» **Extracted material**
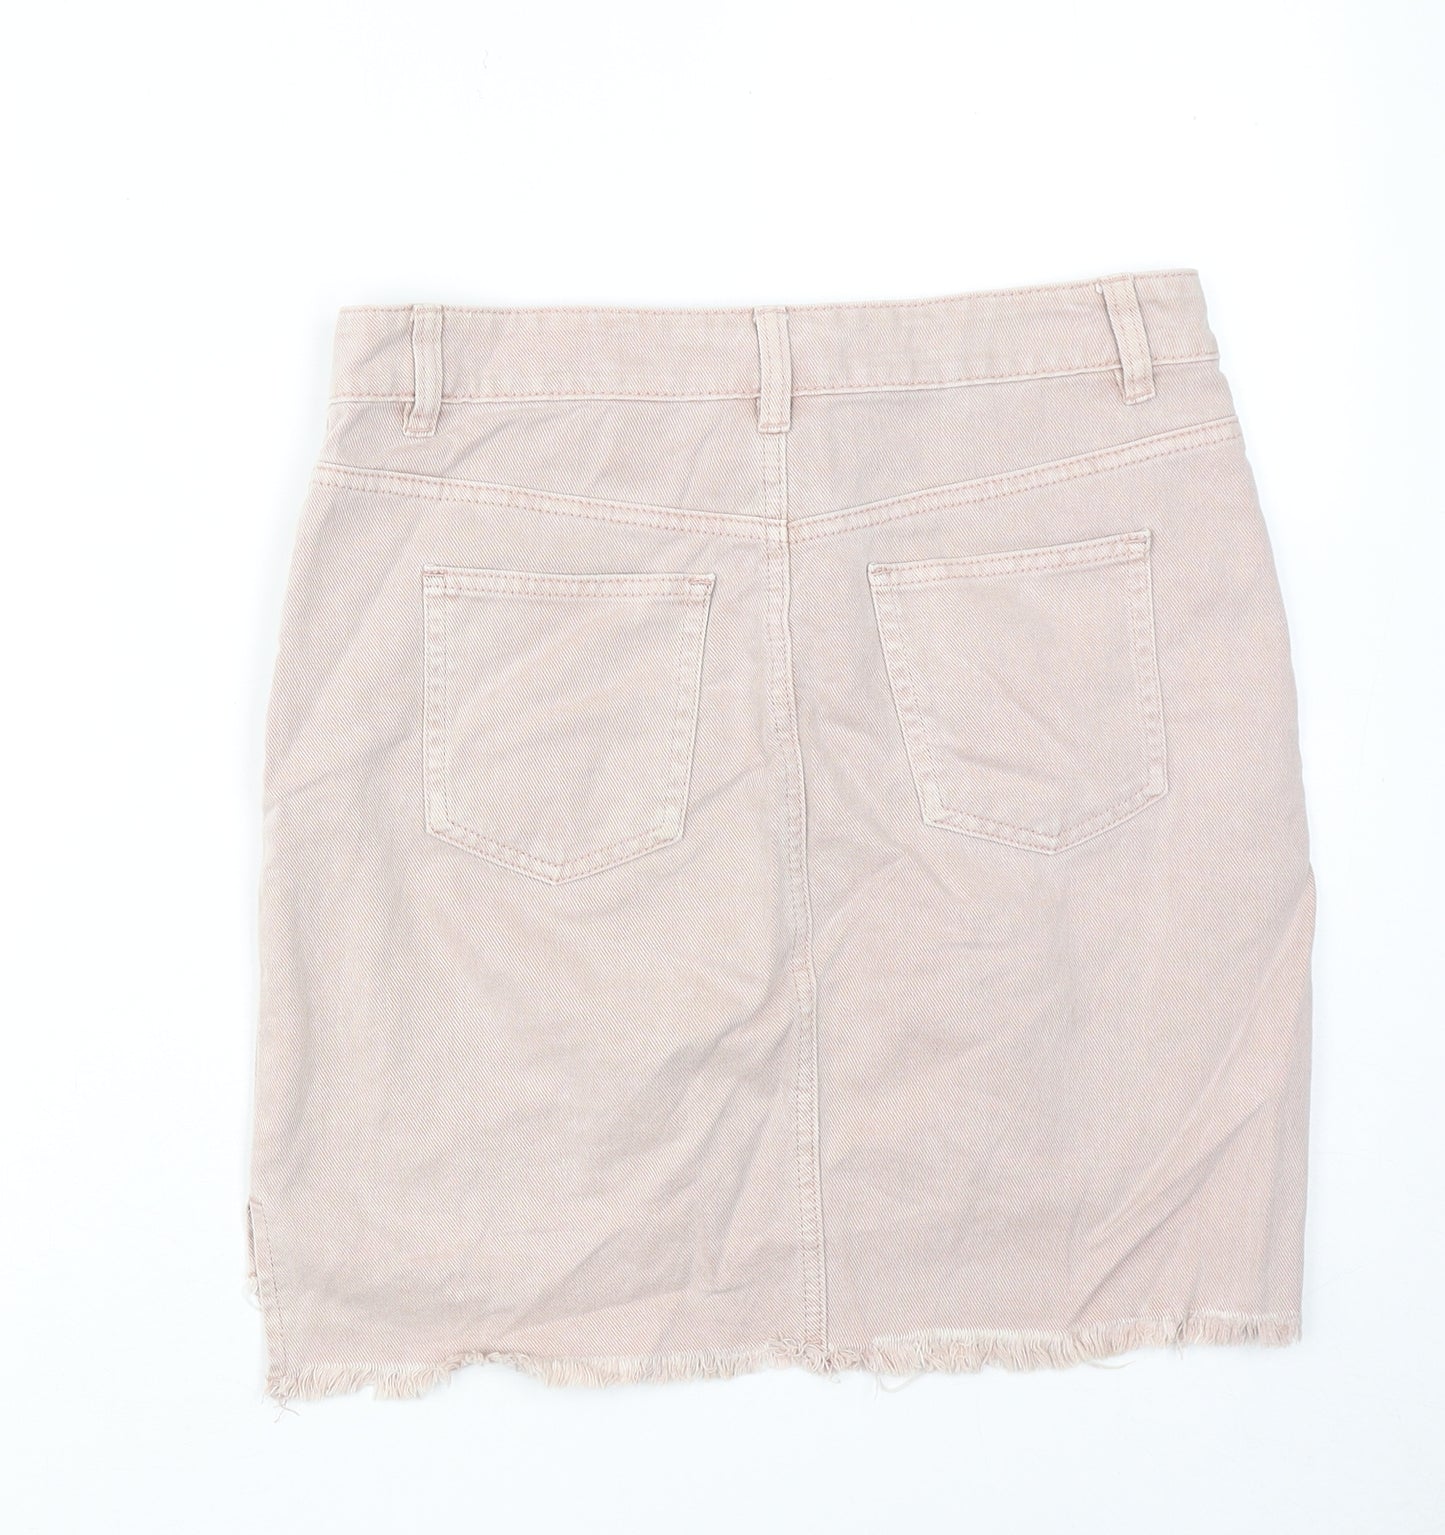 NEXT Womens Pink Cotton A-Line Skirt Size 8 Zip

--

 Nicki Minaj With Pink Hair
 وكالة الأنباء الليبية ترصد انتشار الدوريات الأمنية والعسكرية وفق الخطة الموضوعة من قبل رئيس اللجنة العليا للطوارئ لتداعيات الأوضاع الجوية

* * *

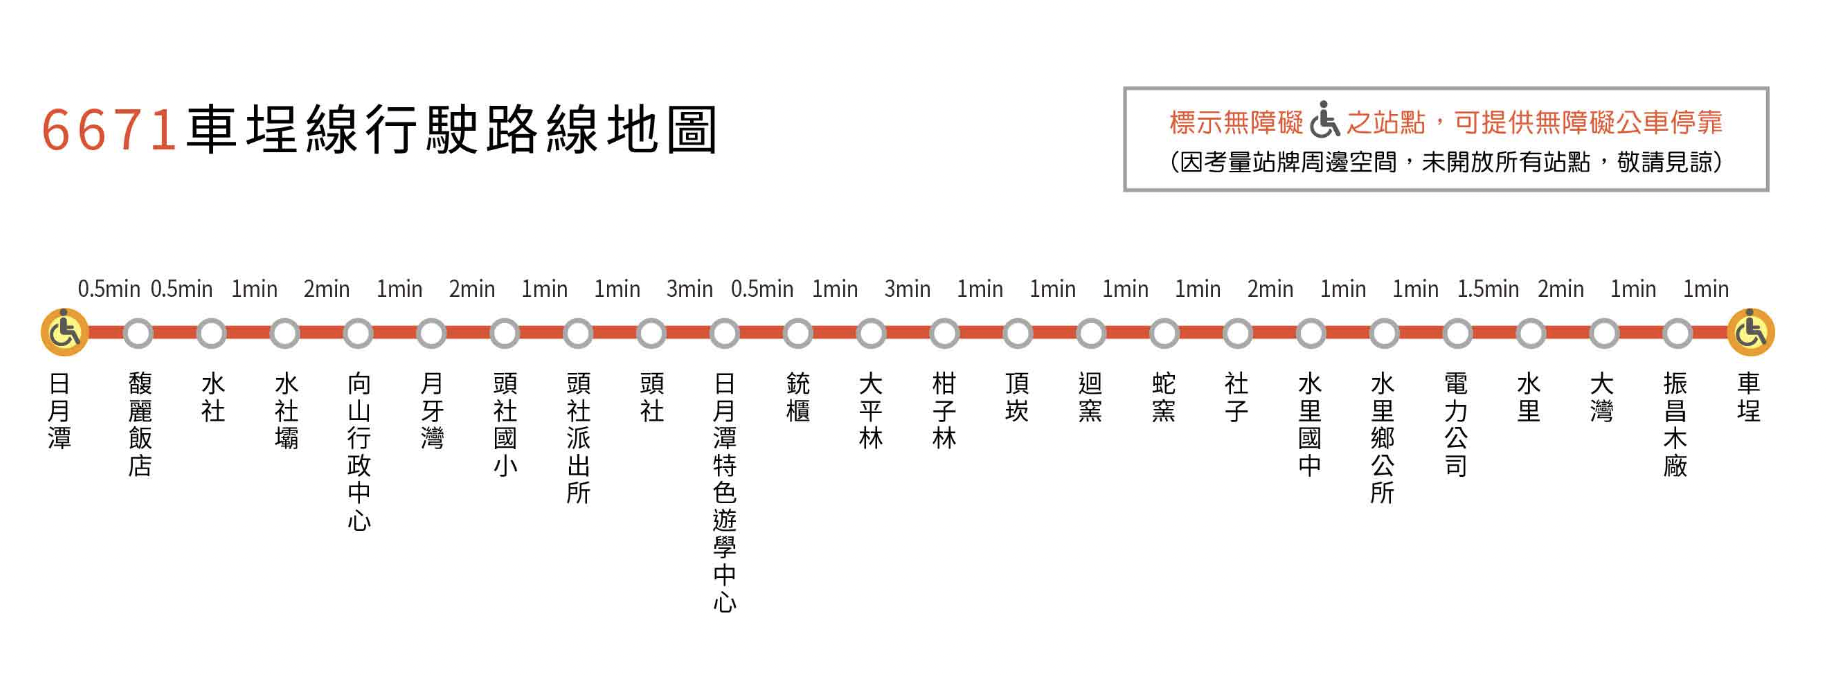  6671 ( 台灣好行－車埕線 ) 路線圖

» **Problem details**
Would you print exactly and only the lines of the material above that run from the line with "Nicki Minaj With Pink Hair" through the line with "وكالة الأنباء الليبية", both included?

» **Solution to the problem**
 Nicki Minaj With Pink Hair
 وكالة الأنباء الليبية ترصد انتشار الدوريات الأمنية والعسكرية وفق الخطة الموضوعة من قبل رئيس اللجنة العليا للطوارئ لتداعيات الأوضاع الجوية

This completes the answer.